One thing is certain: Future Civil War Union General Abner Doubleday did not invent baseball in Cooperstown, N.Y., in 1839—a myth not only accepted but also promoted by Major League Baseball for many years. Truth is, no one “invented” baseball. Europeans were playing stick-and-ball games centuries before there was a United States, and those games came across the Atlantic with immigrants. In the 1820s and 1830s folks in Philadelphia, New York and New England were playing several variations of “base ball” (originally spelled as two words). In 1845 Alexander Joy Cartwright Jr. was among the organizers of the Knickerbocker Base Ball Club, which played first in Manhattan and then across the Hudson River at the Elysian Fields, outside Hoboken, N.J. Cartwright and associates published a set of rules and regulations that became the foundation of modern baseball.

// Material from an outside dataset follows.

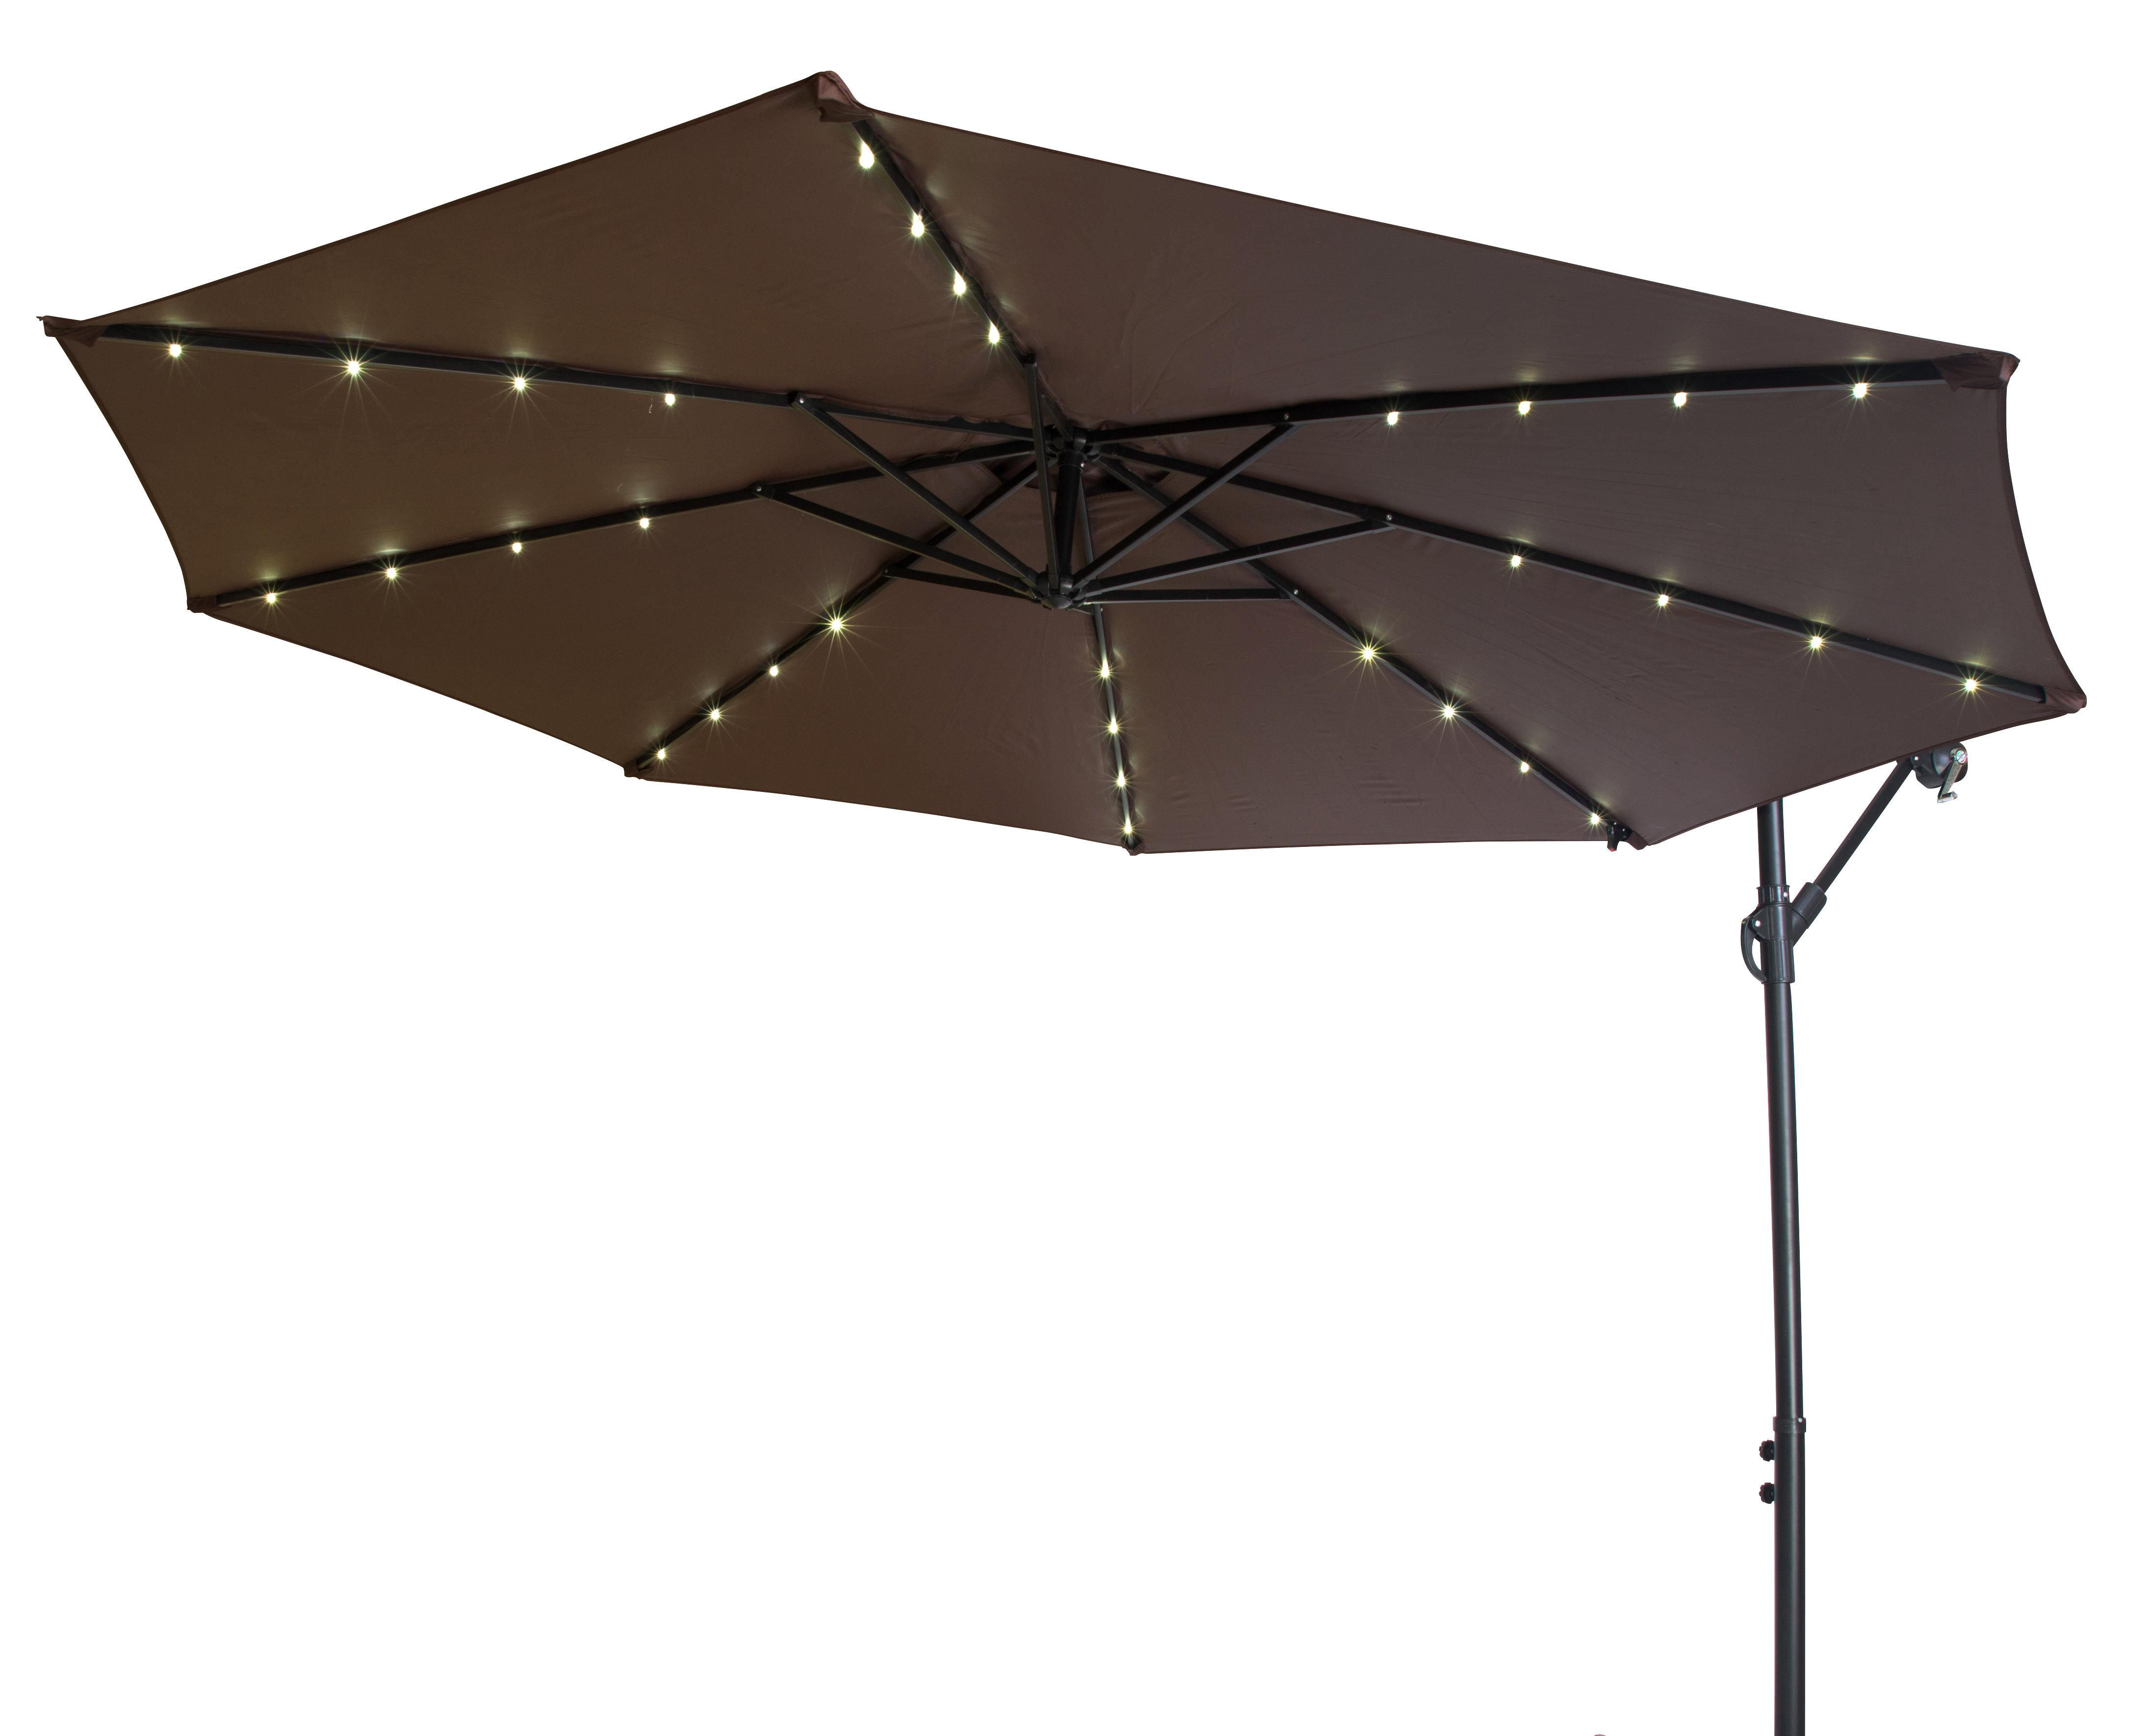 Hilma Solar Cantilever Umbrellas With Regard To 2019 Offset Patio 10' Cantilever Umbrella (View 9 of 20)

Cartwright, who had worked as a bank clerk, bookseller and volunteer fireman in New York City, left there in March 1849 to join the California Gold Rush and reportedly brought those rules, as well as balls and bats, on his journey across the untamed frontier. Along the way, according to his transcontinental diary, he taught the Knickerbocker brand of baseball to fellow 49ers, soldiers, saloonkeepers and even a few Indians. Thanks to the research of Monica Nucciarone, author of the groundbreaking 2009 book Alexander Cartwright: The Life Behind the Baseball Legend, we now know that it was practically a Doubleday-sized myth. Cartwright did not mention baseball in his original 1849 diary. It seems in the 20th century a grandson produced a typescript of the diary in which he introduced baseball references to help his ancestor land a spot in the Baseball Hall of Fame (which indeed happened in 1939). Nucciarone also found little evidence that Cartwright played baseball in his short time in San Francisco or instituted the playing the game in Hawaii after sailing to Honolulu in August 1849.

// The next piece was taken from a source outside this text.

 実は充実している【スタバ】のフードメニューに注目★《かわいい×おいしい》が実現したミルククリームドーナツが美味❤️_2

In the 1850s baseball remained primarily an Eastern pastime, though in Minnesota Territory in 1857 (the year before statehood) an organized ball club formed in Nininger City (now a ghost town in Dakota County). By the end of the decade baseball was said to be the most popular team sport in New Orleans. On February 22, 1860, two San Francisco squads, the Eagles and the Red Rovers, played the first recorded baseball game in that city. Texas has long been a hotbed for football, but teams were playing baseball in Galveston and other Lone Star locations prior to the Civil War. In 1861 sports enthusiasts formed the Houston Base Ball Club and began promoting the game locally, much as Cartwright had done back in New York.

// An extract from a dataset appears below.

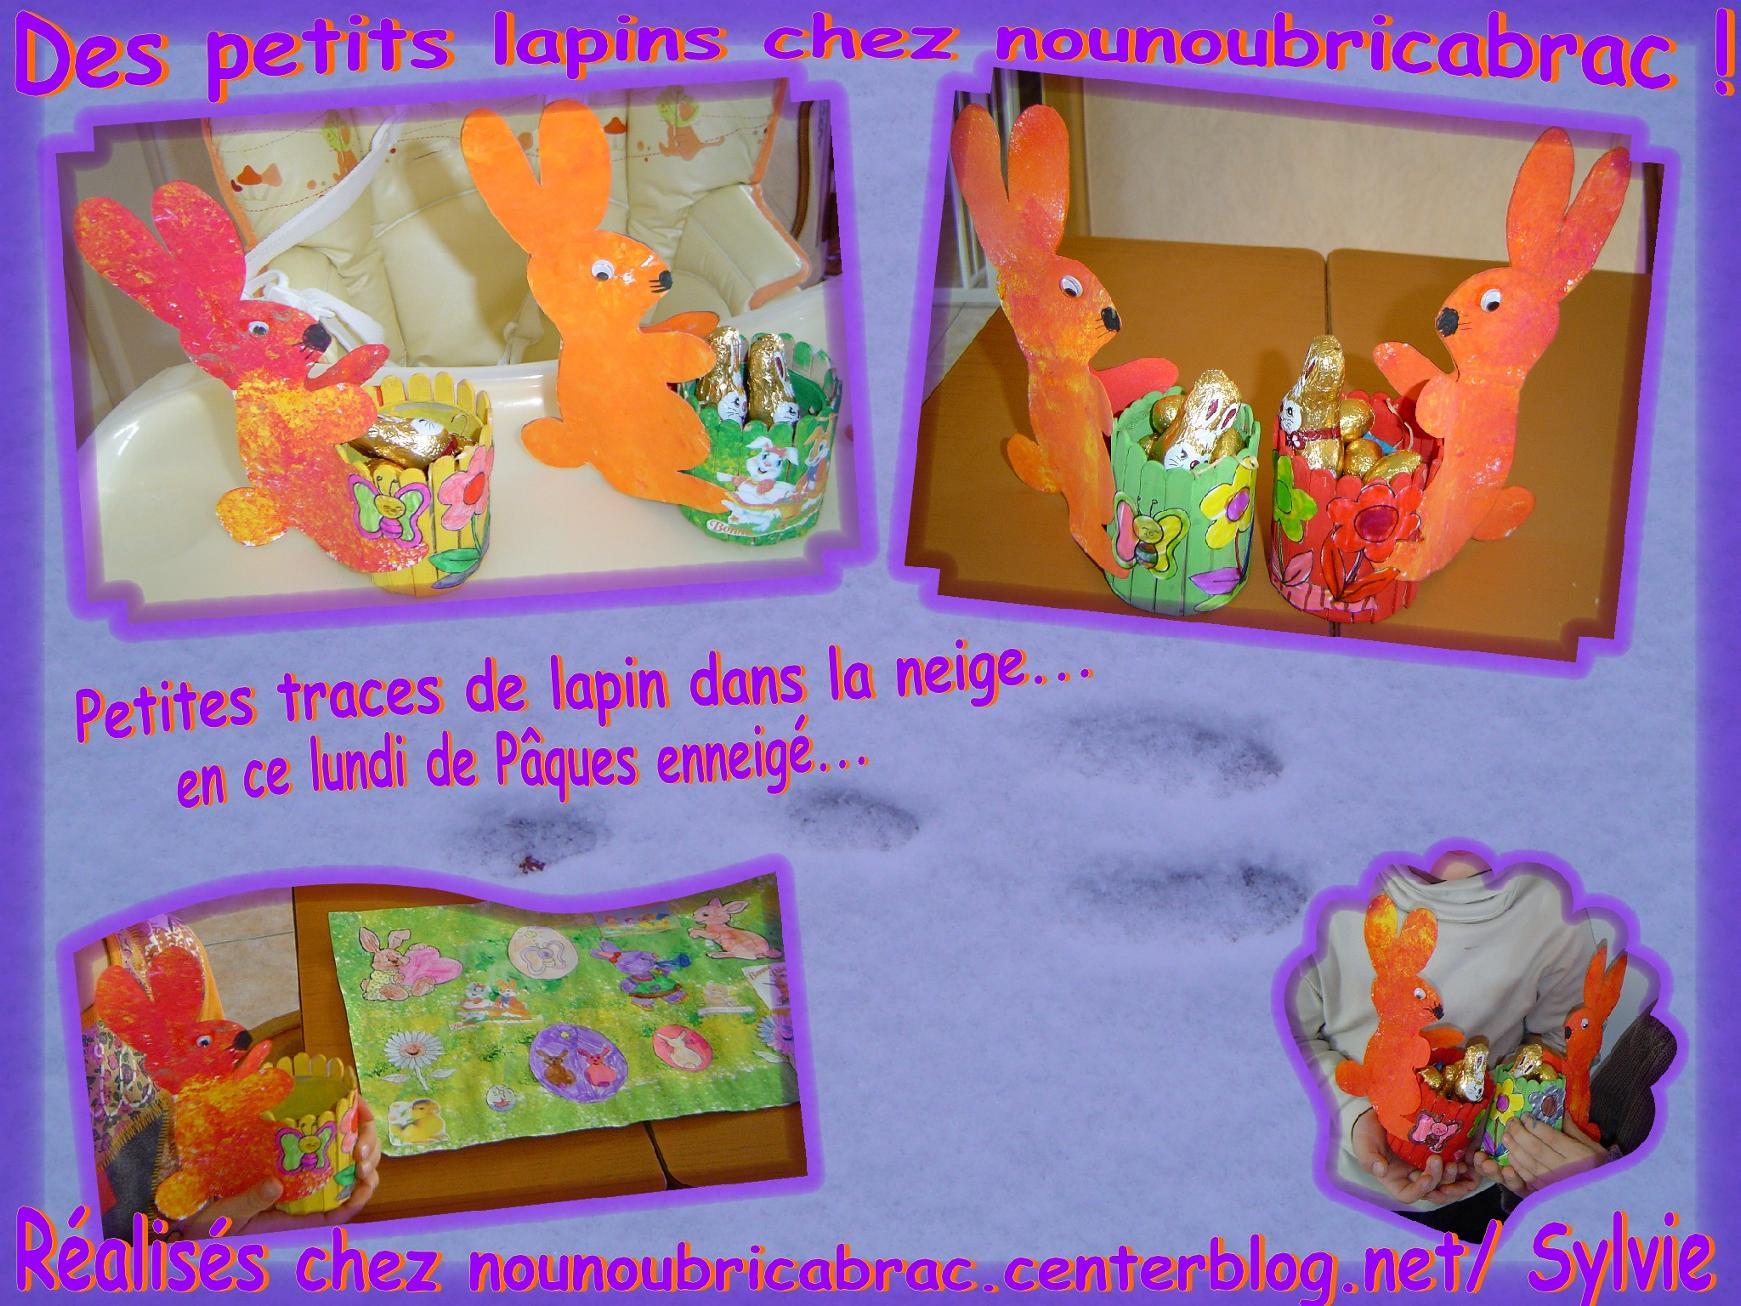 Lapin de Pâques *6* chez Nounoubricabrac...

During the Civil War, soldiers—mostly Yankees, though some Rebels—played baseball during battlefield lulls and in prison camps (including the Confederate-run Camp Ford in Texas). “The New Orleans boys also carried base balls in their knapsacks,” Will Irwin wrote in a 1909 Collier’s Weekly article. “A few of them found themselves in a Federal prison stockade on the Mississippi. They formed a club.” Union soldier George Putnam recalled that once during a baseball game in Alexandria, La., enemy troops attacked, placing the outfielders in mortal danger. The left fielder and right fielder managed to get back to the dugout, but the Rebels shot and captured the center fielder before the Yankees could repel the attack. After the war, soldiers and others from the East and Midwest spread their love of the game across the Western frontier. For instance, as George Kirsch notes in his book Baseball in Blue and Gray, “a contingent of ‘Rocky Mountain Boys’ played the ‘New York game’ in Denver.”

In May 1866 the first known baseball team in the Northwest formed in Oregon—the Pioneer Baseball Club of East Portland. The Portland squad soon recorded a 77–46 victory over the Clackamas Club. That same year the Oakland Live Oaks played their first game in San Francisco in a league known as the Pacific Base Ball Convention. A year later two Texas teams faced off on the San Jacinto Battlefield, near Houston, on April 21—the anniversary of Sam Houston’s 1836 victory over Antonio López de Santa Anna’s Mexican army that won Texas its independence. The teams involved were obviously more influenced by the recent Civil War than by the Texas Revolution: In a lopsided contest (as was San Jacinto itself), the Houston Stonewalls blasted the Galveston Robert E. Lees, 35–2.

Also in 1867, up in Kansas, the Frontier Baseball Club formed in Leaven-worth, the game quickly spreading to Lawrence, Topeka and other towns. On May 17, 1868, Captain Albert Barnitz wrote his wife from Fort Hays in western Kansas: “Have not been to church, because there was none to attend—but in lieu of this all the officers, including half a dozen from Fort Dodge who are here on a visit, participated in a social game of base ball!” That July, Barnitz was at Camp Alfred Gibbs, where officers celebrated the Fourth of July by playing baseball. At some point in his career famed gambler/lawman Wild Bill Hickok reportedly rooted for the Kansas City Antelopes. Legend has it he even umpired one of their games while wearing a pair of six-shooters.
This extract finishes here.